Latest Opportunity Zone Regulations Provide Needed Clarity to Investors, Fund Managers, and Businesses

On April 17, 2019, the United States Department of the Treasury (“Treasury”) issued its second round of proposed regulations related to investments in Qualified Opportunity Zones (“QOZs”) and Qualified Opportunity Funds (“QOFs”). This guidance supplements Treasury’s first round of proposed regulations issued in October 2018.

The Tax Cuts and Jobs Act of 2017 created the QOZ concept to provide tax advantages for investments in lower-income areas. Investors who realize certain capital gain income may reinvest in a QOF within 180 days to defer and potentially achieve exemption from capital gains tax on QOF investments.

This article highlights some of the critical issues addressed by the latest round of guidance, as they apply to QOF investors, QOF managers, and operating businesses within a QOZ. This article also discusses open issues.

Critical Issues Addressed

QOF Investors

  • QOF Investments Must Be Cash or Property, Not Services. Treasury’s latest guidance specifies that investments in QOFs must be in the form of cash or property, and not services. With respect to property contributions, the amount of the taxpayer’s deferral is limited to the tax basis of the property contributed.
  • Inclusion Events. The proposed regulations include eleven “inclusion events” causing recognition of gain otherwise deferred on account of a QOF investment. This list includes “certain nonrecognition transactions” as inclusion events. A transfer by gift is an inclusion event (except if made to a grantor trust of which the taxpayer is the deemed owner), but a transfer at death is not.

QOF Managers

  • Six Months to Invest Rule. The second round of proposed regulations give QOFs six months to invest capital received from investors into QOZ businesses. Previously, it was unclear when QOF managers had to invest newly-received capital. In order to utilize the six-month rule, however, the newly-received capital must be held in cash, cash equivalents, or short-term debt obligations.
  • Definition of “Substantially All.” The second round of proposed regulations address the meaning of “substantially all” when used in the statute creating the QOZ concept. Under these proposed regulations, the term “substantially all” means:
    • 70 percent when applying the “use in an QOZ” threshold that must be met for tangible property to be QOZ business property;
    • 70 percent when applying the tangible property “owned or leased” threshold that must be QOZ property for a business to be a QOZ business;
    • 90 percent when applying a QOF’s holding period of tangible property as QOZ business property, or an interest in a business as a QOZ partnership interest or QOZ stock; and
    • 90 percent when measuring the holding period of a QOZ business of tangible property as QOZ business property.

Operating Businesses Within a QOZ

  • Definition of “Reasonable Working Capital.” Treasury’s first round of proposed regulations created a reasonable working capital safe harbor for QOZ businesses to acquire, construct, or substantially improve tangible property. However, new and expanding businesses also need working capital to cover startup expenses. The second round of Treasury guidance allows QOZ businesses’ planned use of working capital to include the development of a trade or business in the QOZ (in addition to the requirement to acquire, construct, or substantially improve tangible property).
  • Measuring Gross Income in QOZs.
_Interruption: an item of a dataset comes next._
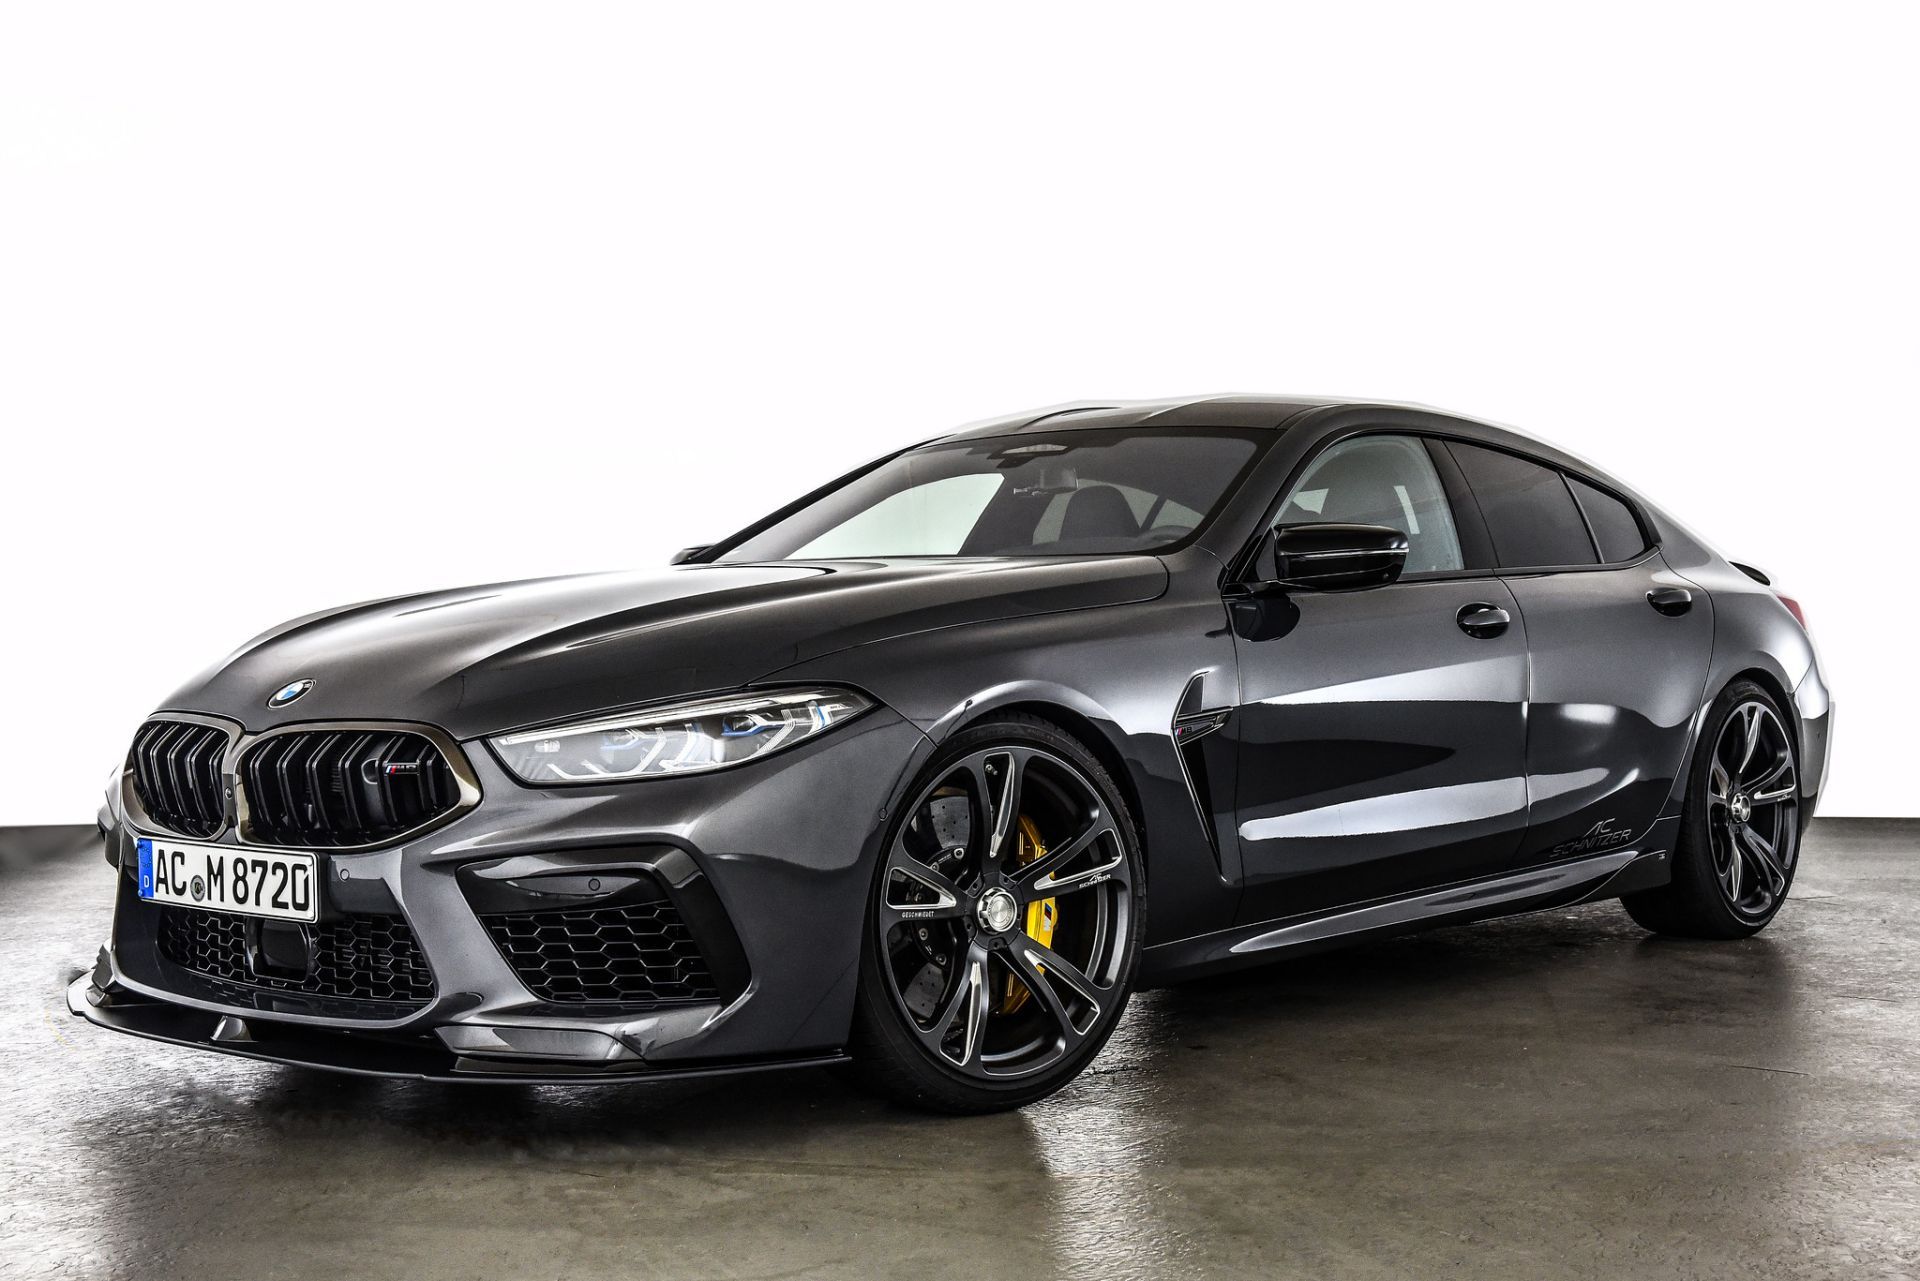 M 8 competition. BMW m8 Competition Gran Coupe. BMW m8 Competition Gran Coupe 2021. BMW m8 Competition Gran Coupe 2020 чёрная. BMW m8 Competition Gran Coupe f93.
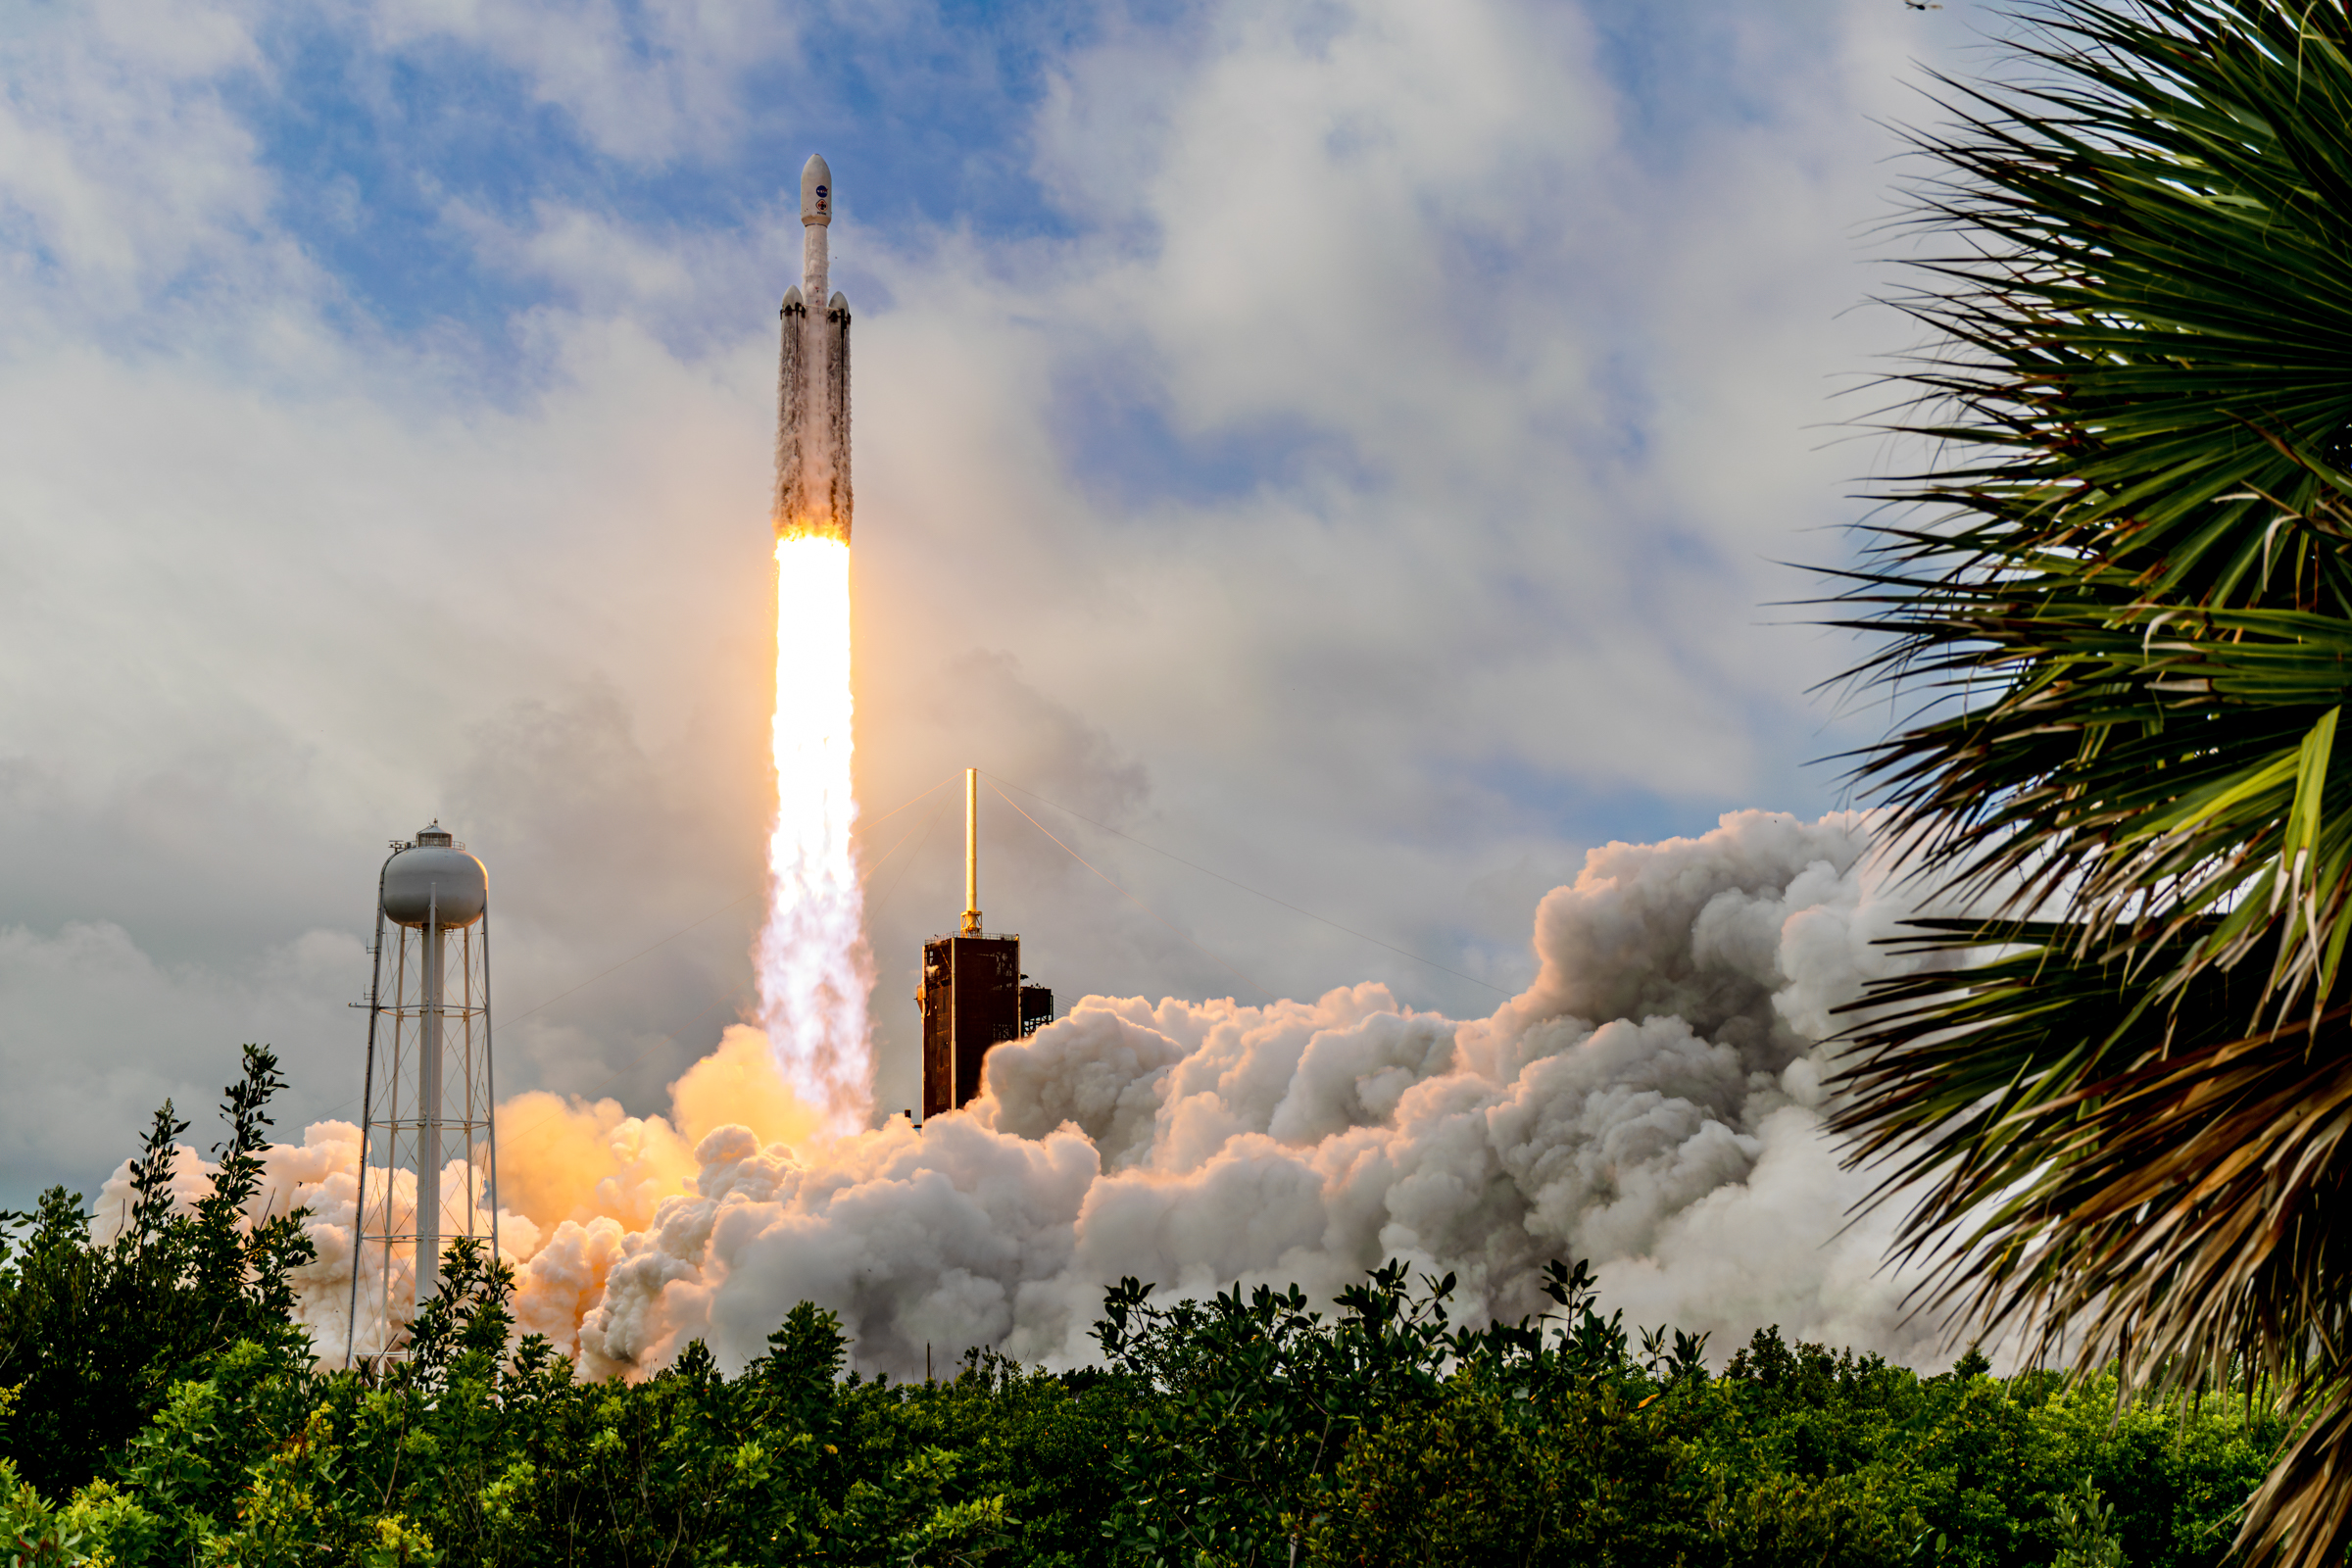 A Falcon Heavy rocket lifts off from Launch Complex-39A at NASA's Kennedy Space Center. There is mangroves and a palm tree in the foreground. The rocket is just clearing the tower and the exhaust plume is expanding towards the camera.

The first round of proposed regulations requires that at least 50 percent of the gross income of a QOZ business be derived from the active conduct of a trade or business in the QOZ, but leaves open the question of how to meet this threshold. In the second round of proposed regulations, Treasury provides three safe harbors and a facts and circumstances test. The safe harbors are:
    • At least 50 percent of the services performed by employees and independent contractors (and their employees) of the QOZ business must be performed within the QOZ, based on hours; or
    • At least 50 percent of the services performed by employees and independent contractors (and their employees) of the QOZ business must be performed within the QOZ, based on amounts paid for the services performed; or
    • The QOZ business has management or operational functions in the QOZ necessary to generate 50 percent of the gross income of the trade or business.
    • Taxpayers not meeting the safe harbors may still meet the 50 percent of gross income test if, based on all the facts and circumstances, at least 50 percent of the gross income of a trade or business is derived from the active conduct of a trade or business in the QOZ.

Open Items

Despite the clarity on certain issues provided by the second round of proposed regulations, many issues remain open. Significantly, Treasury has said that it expects to issue administrative rules applicable to a QOF that fails to maintain the required 90 percent investment standard. Treasury is also expected to address the information reporting requirements applicable to QOFs. This could include revisions to the Form 8996 to require additional information such as the employer identification number (EIN) of the QOZ businesses owned by a QOF and a breakdown of investments in certain Census tracts within QOZs.

DISCLAIMER: Because of the generality of this update, the information provided herein may not be applicable in all situations and should not be acted upon without specific legal advice based on particular situations.